I have received 3 WUs for 13434 and 13435 over the last couple of days. All WUs have eventually completed, but each WU threw a "WU_stalled" flag 2 - 3 times per simulation. I haven't seen this on any other work units over the last few months.
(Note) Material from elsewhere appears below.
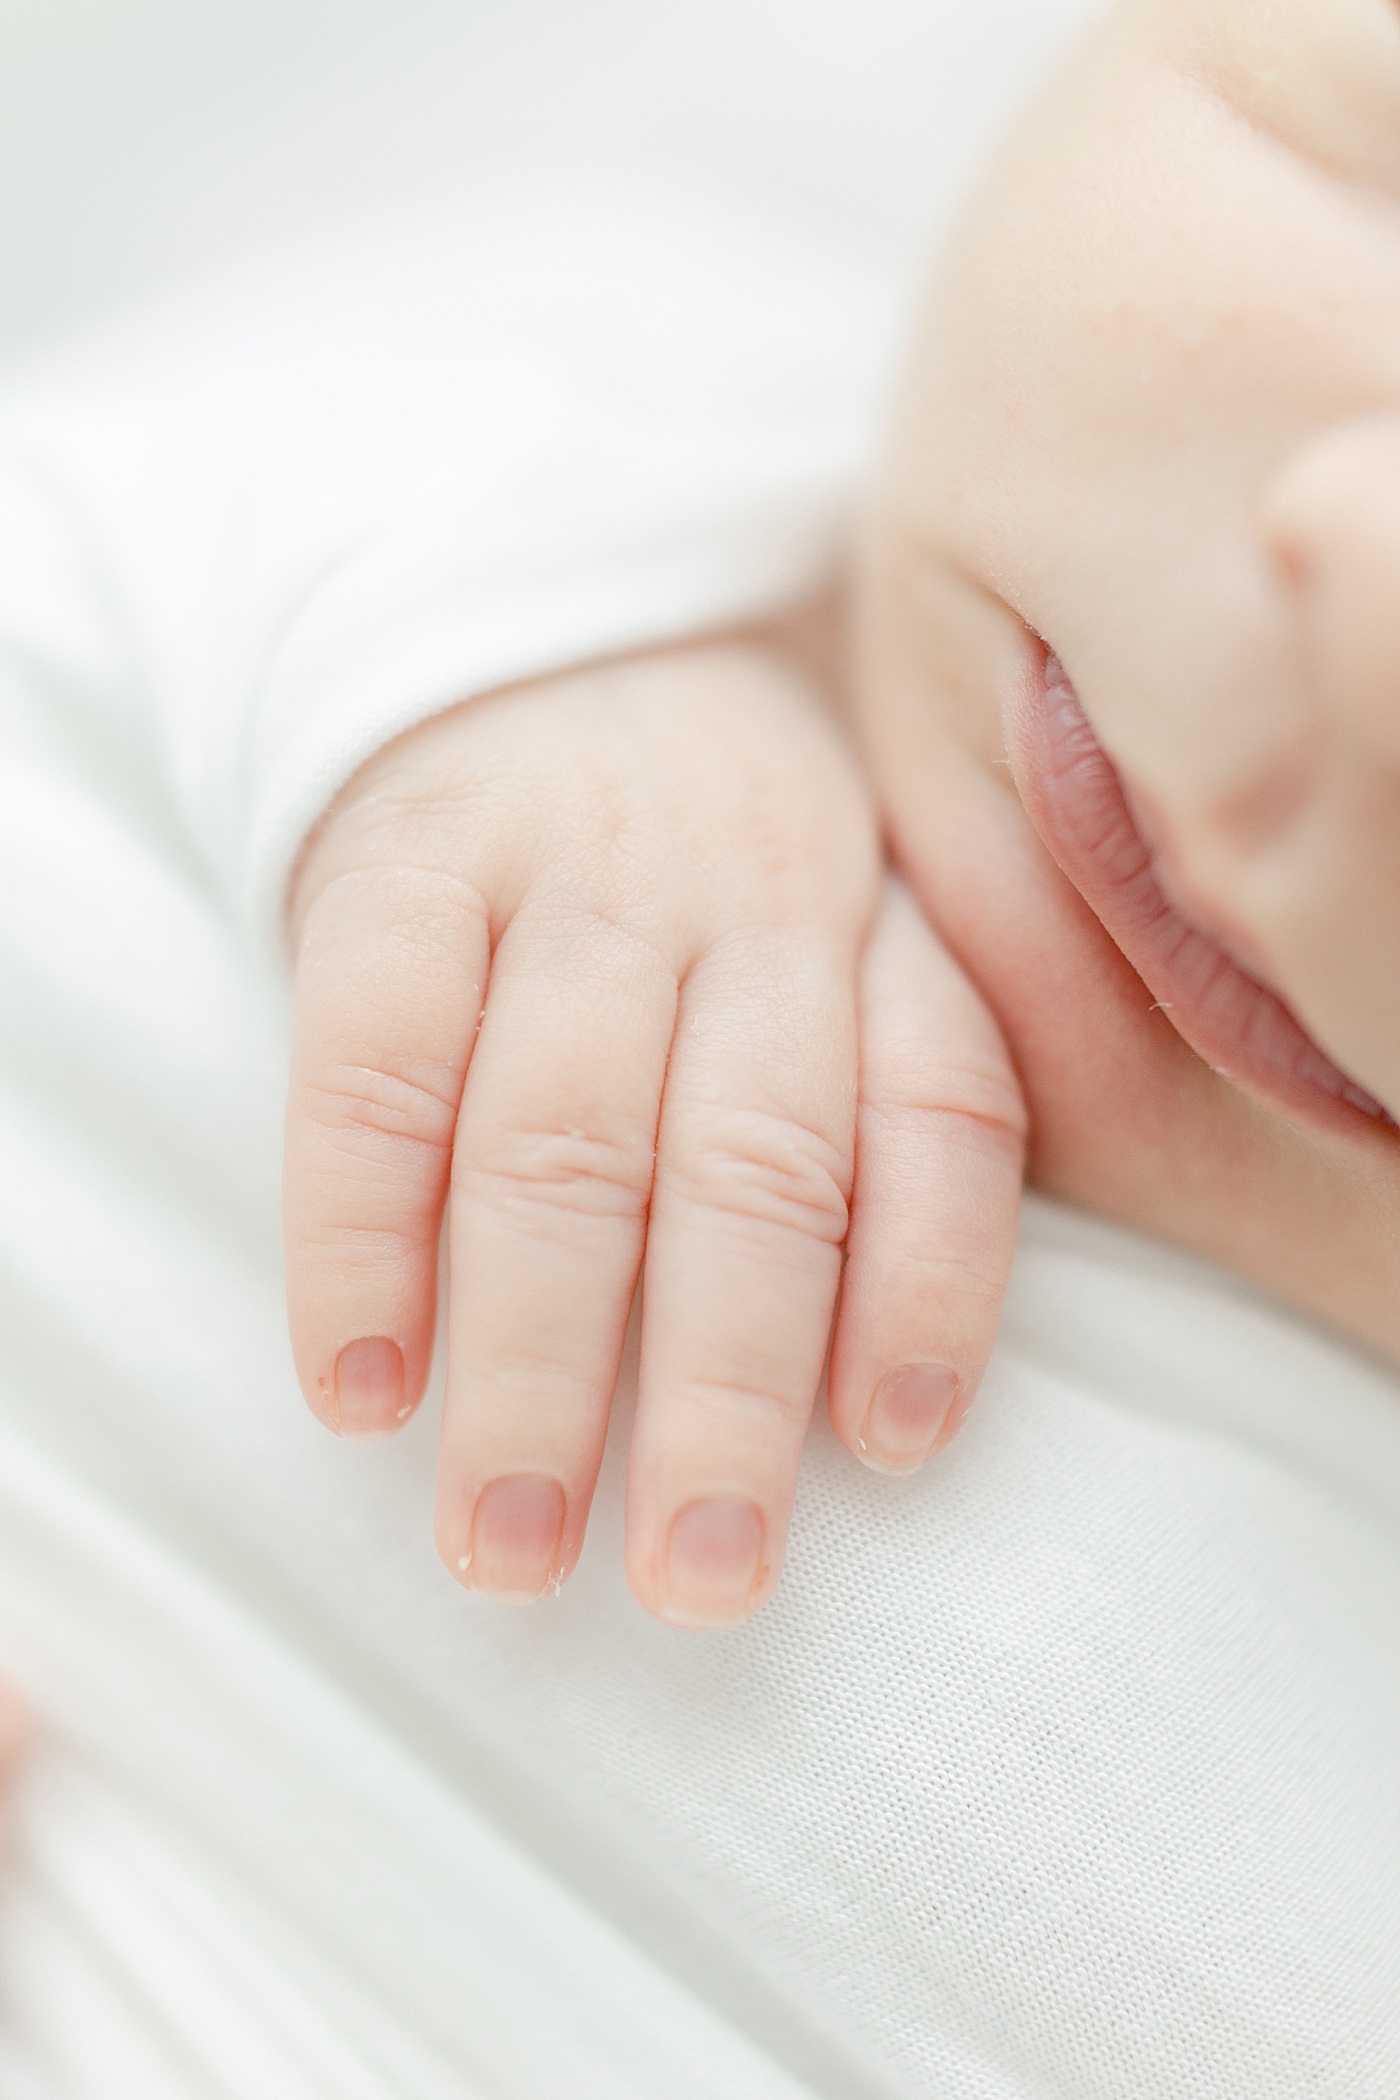 Up close details of newborn's tiny fingers | Photo by Hattiesburg NB photographer Little Sunshine Photography

These WUs have all been assigned to my RTX 2070 Super.

13434 (248, 1, 28)
13434 (104, 3, 45)
13435 (348,1,21)

Code: Select all

18:48:28:WU00:FS01:0x22:Completed 3650000 out of 5000000 steps (73%)
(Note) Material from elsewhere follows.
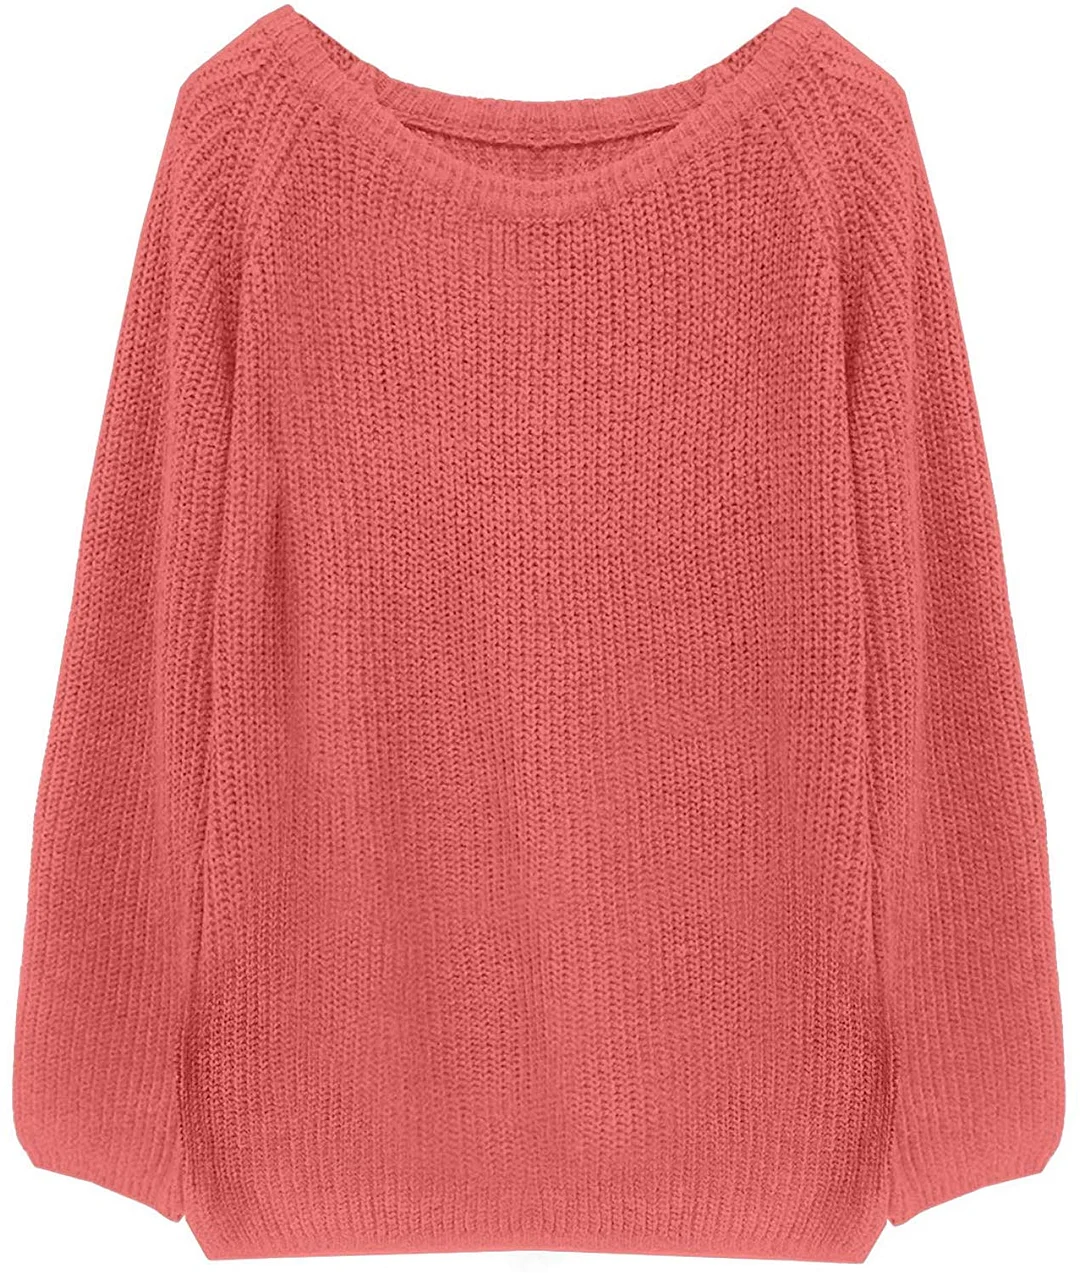 Women's Crew Neck Solid Long Drop Sleeves Loose Knit Pullover Sweaters

19:00:47:WU00:FS01:0x22:Watchdog triggered, requesting soft shutdown down
19:10:47:WU00:FS01:0x22:Watchdog shutdown failed, hard shutdown triggered
19:10:47:WARNING:WU00:FS01:FahCore returned an unknown error code which probably indicates that it crashed
19:10:47:WARNING:WU00:FS01:FahCore returned: WU_STALLED (127 = 0x7f)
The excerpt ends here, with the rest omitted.